### Required action
Retype the records in full, and please keep the pictures out of the copy.

Dataset records
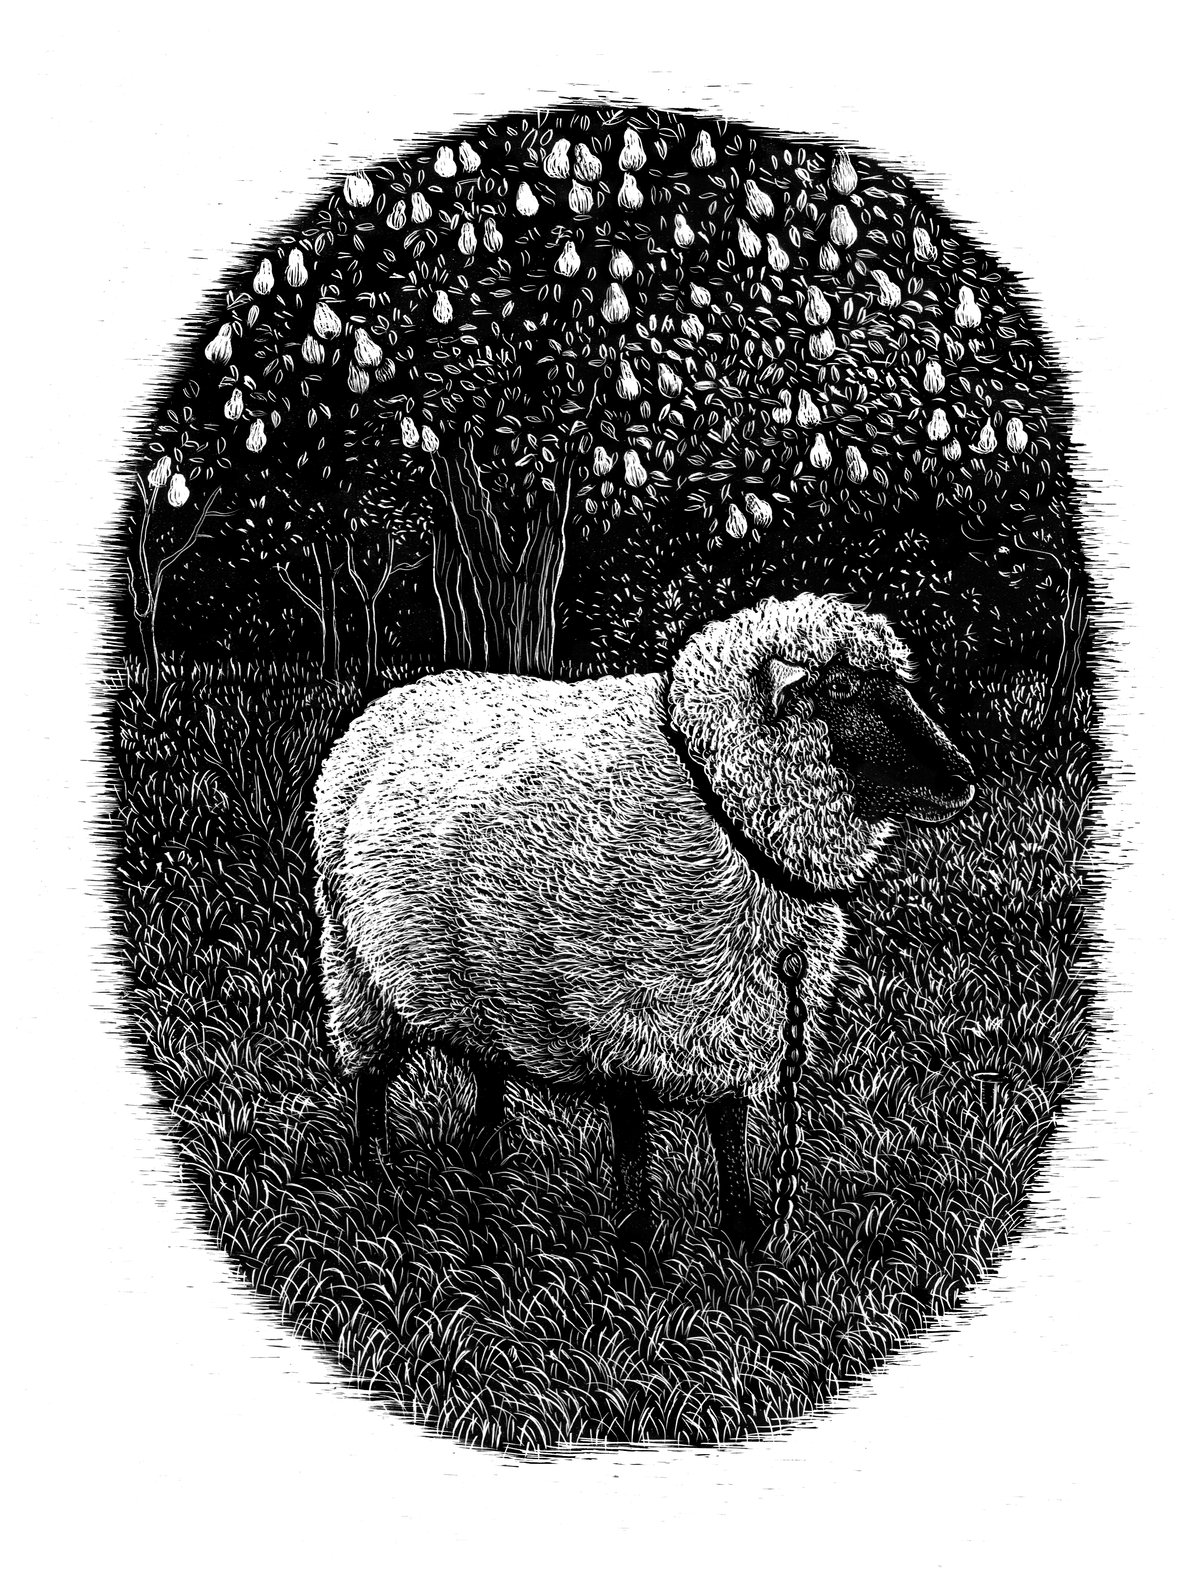 Image of »Sheep's Serenade beneath the Pear Tree«
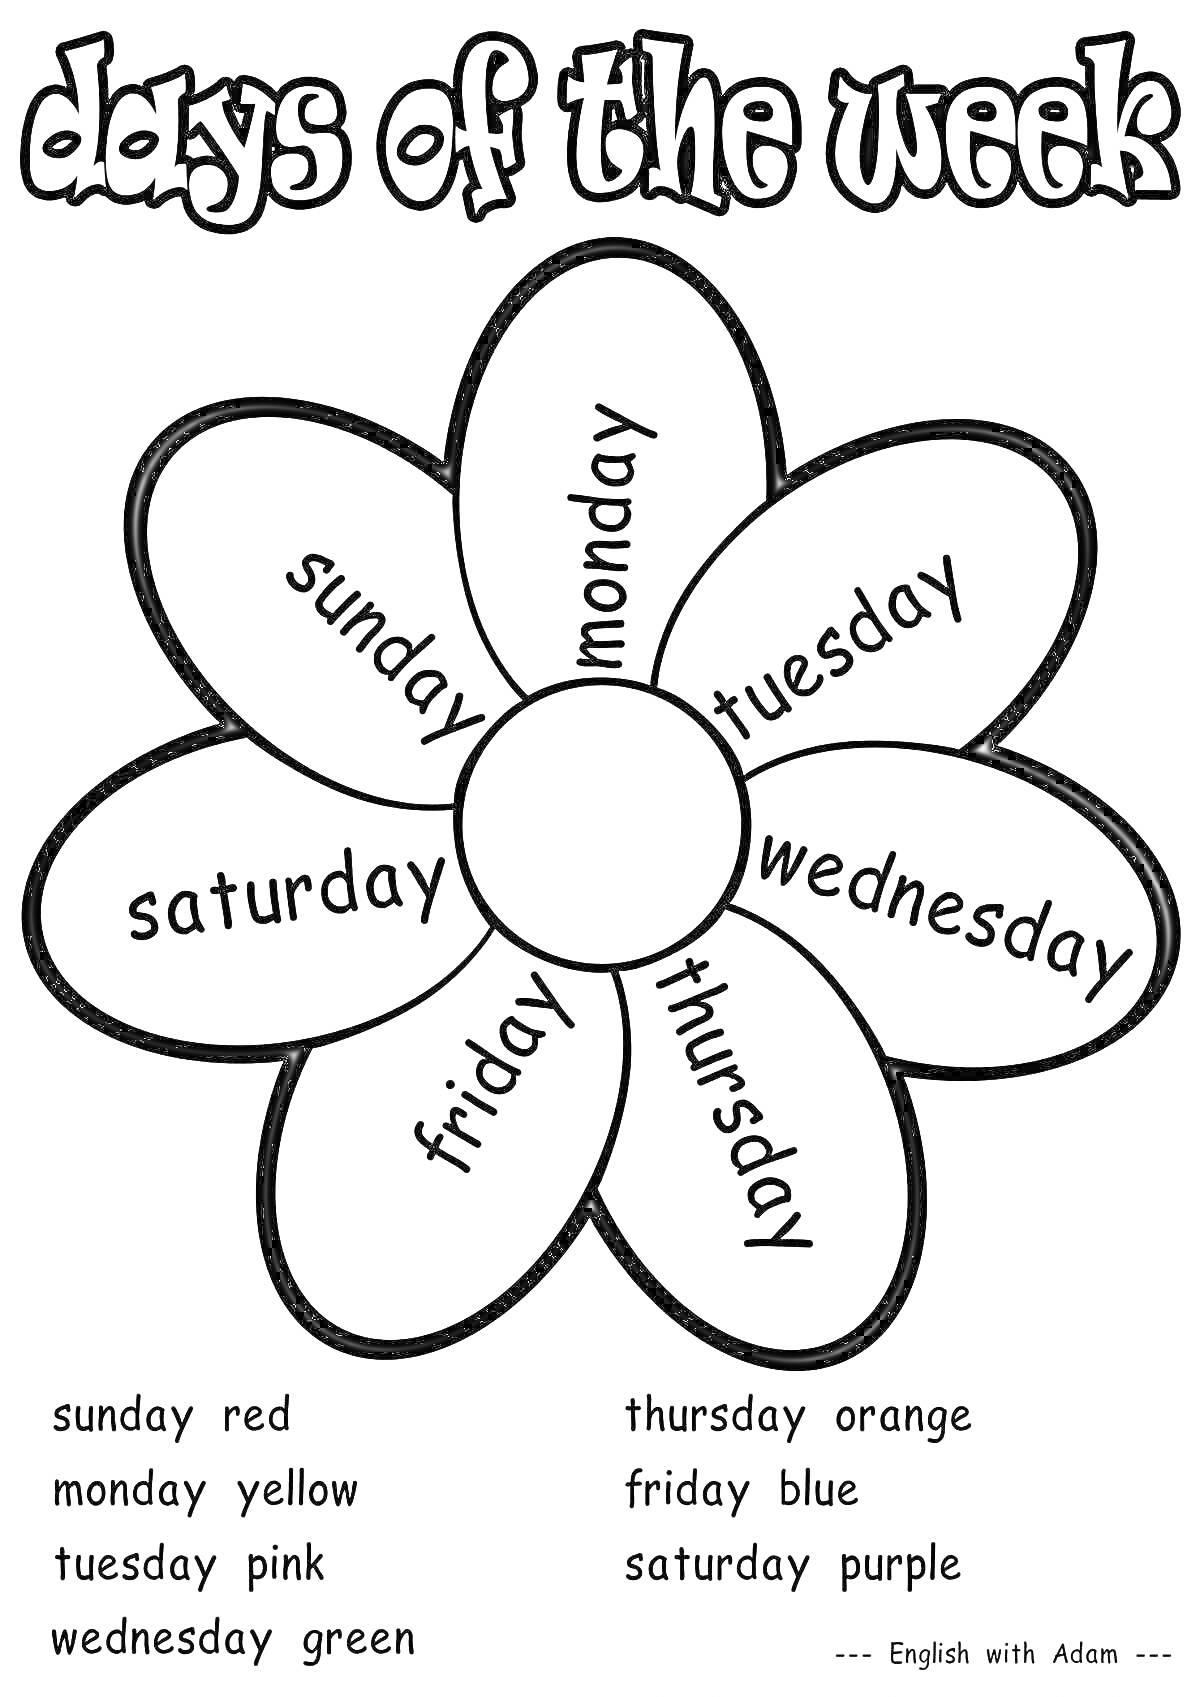 Раскраска Дни недели цветок (Sunday red, Monday yellow, Tuesday pink, Wednesday green, Thursday orange, Friday blue, Saturday purple)
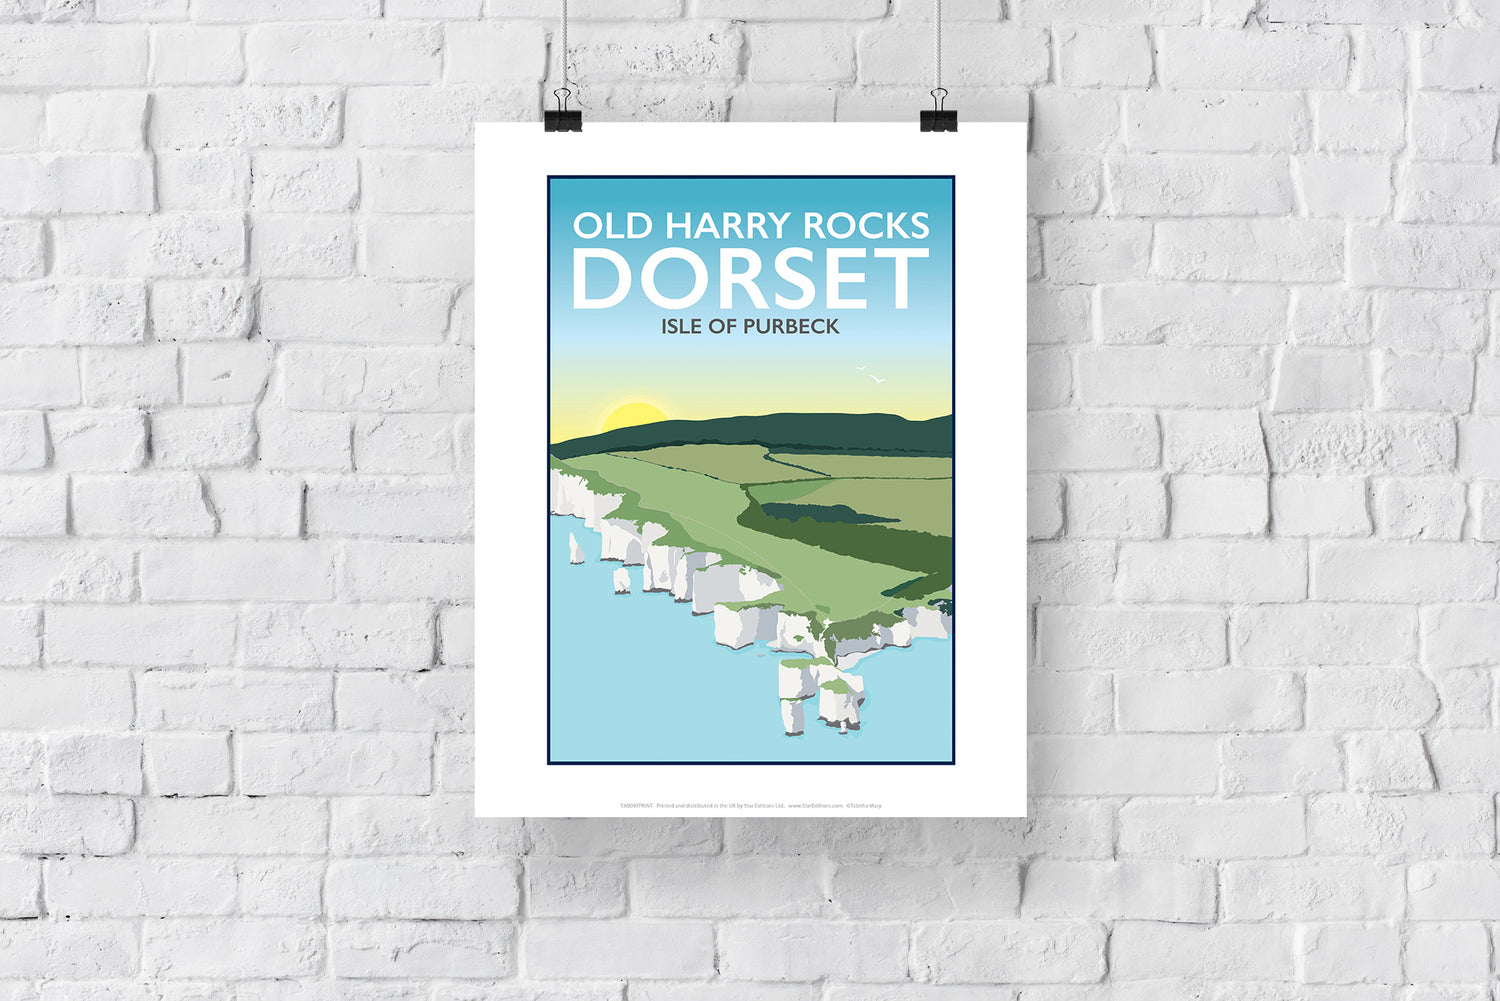 Old Harry Rocks, Dorset - Art Print
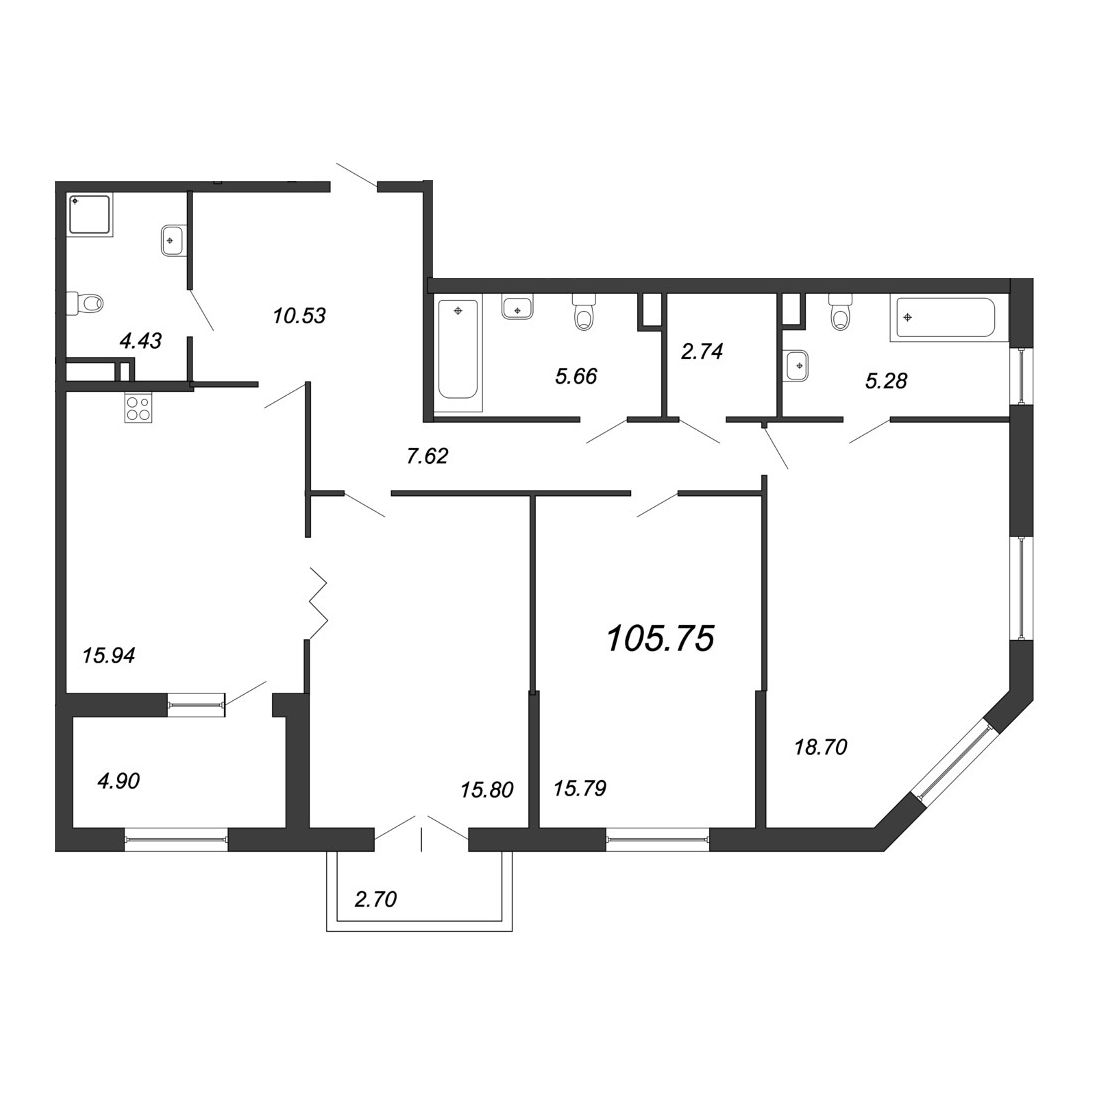 3-комнатная квартира, 107.2 м² в ЖК "Петровская Доминанта" - планировка, фото №1
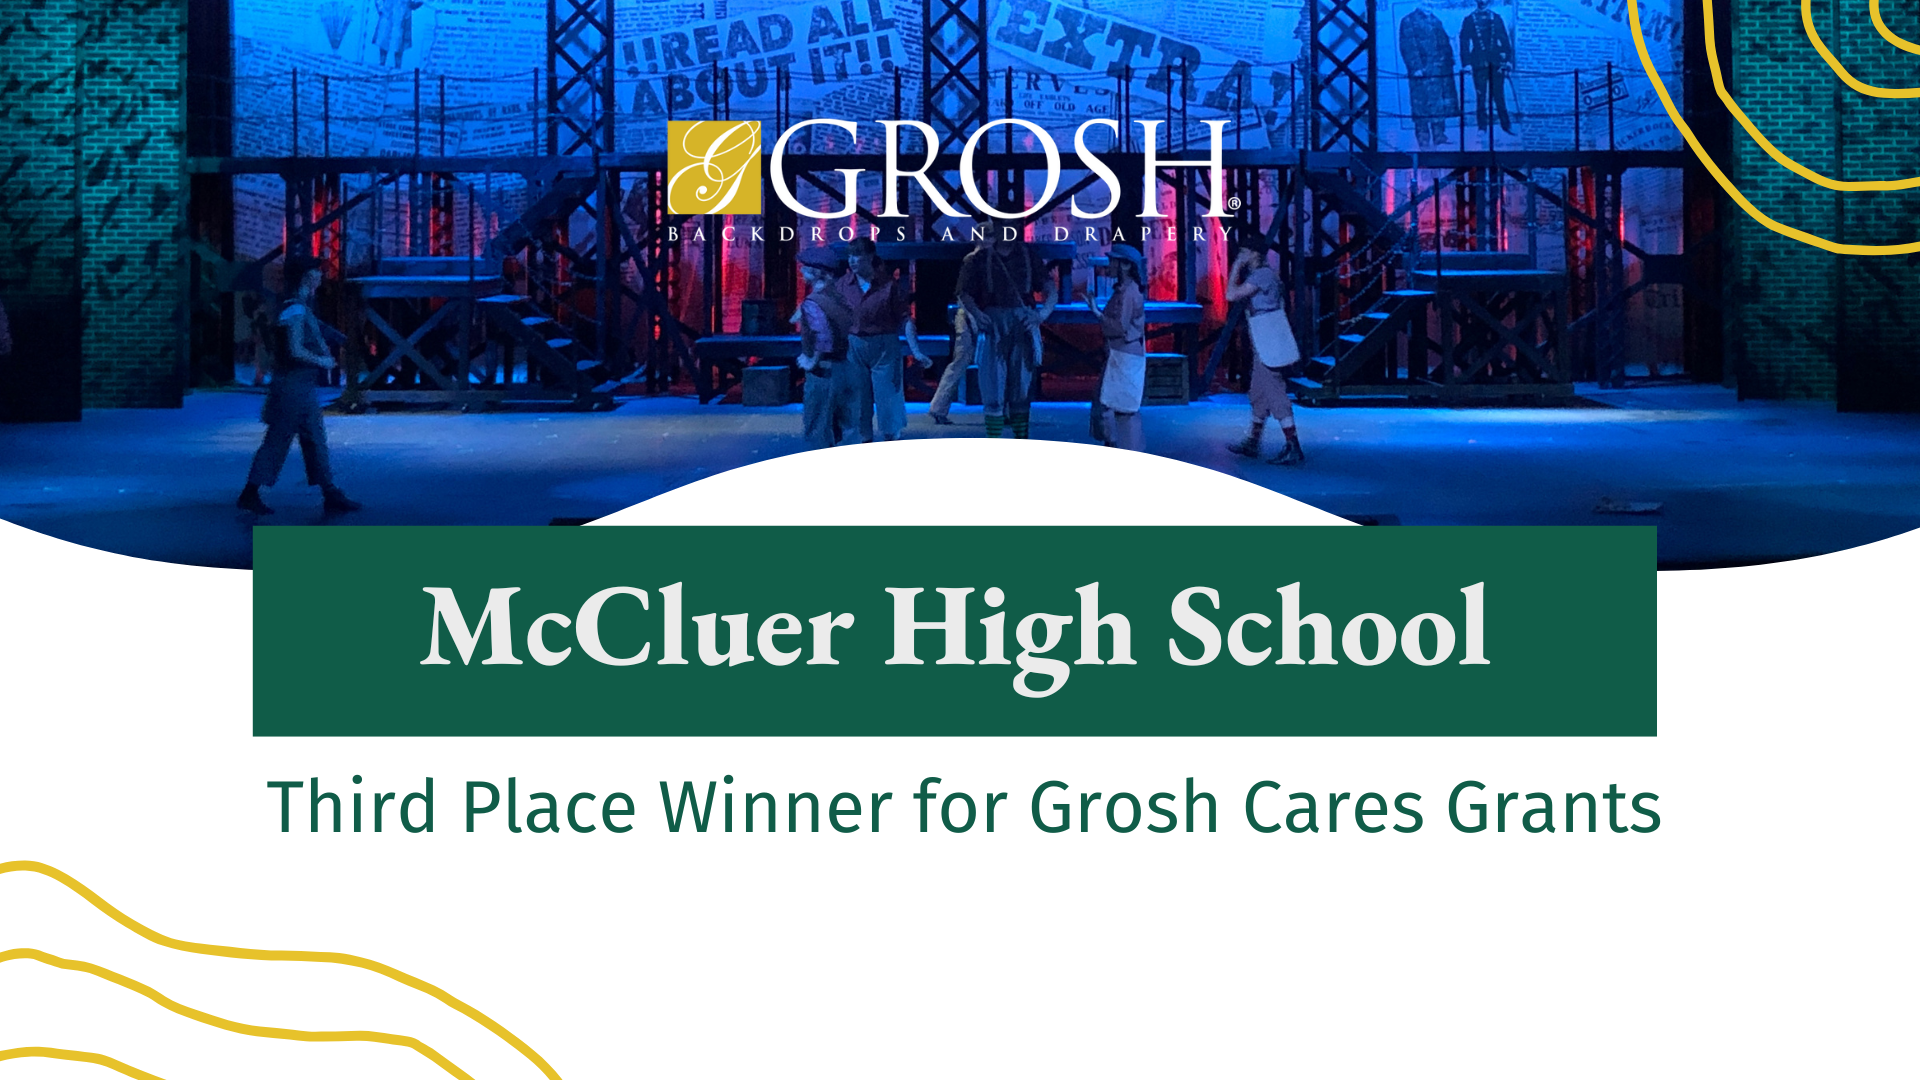 McCluer High School – Third Place Winner for Grosh Cares Grants

### Exercise output
 Image of »Sheep's Serenade beneath the Pear Tree«
 Раскраска Дни недели цветок (Sunday red, Monday yellow, Tuesday pink, Wednesday green, Thursday orange, Friday blue, Saturday purple)
 Old Harry Rocks, Dorset - Art Print
 3-комнатная квартира, 107.2 м² в ЖК "Петровская Доминанта" - планировка, фото №1
 McCluer High School – Third Place Winner for Grosh Cares Grants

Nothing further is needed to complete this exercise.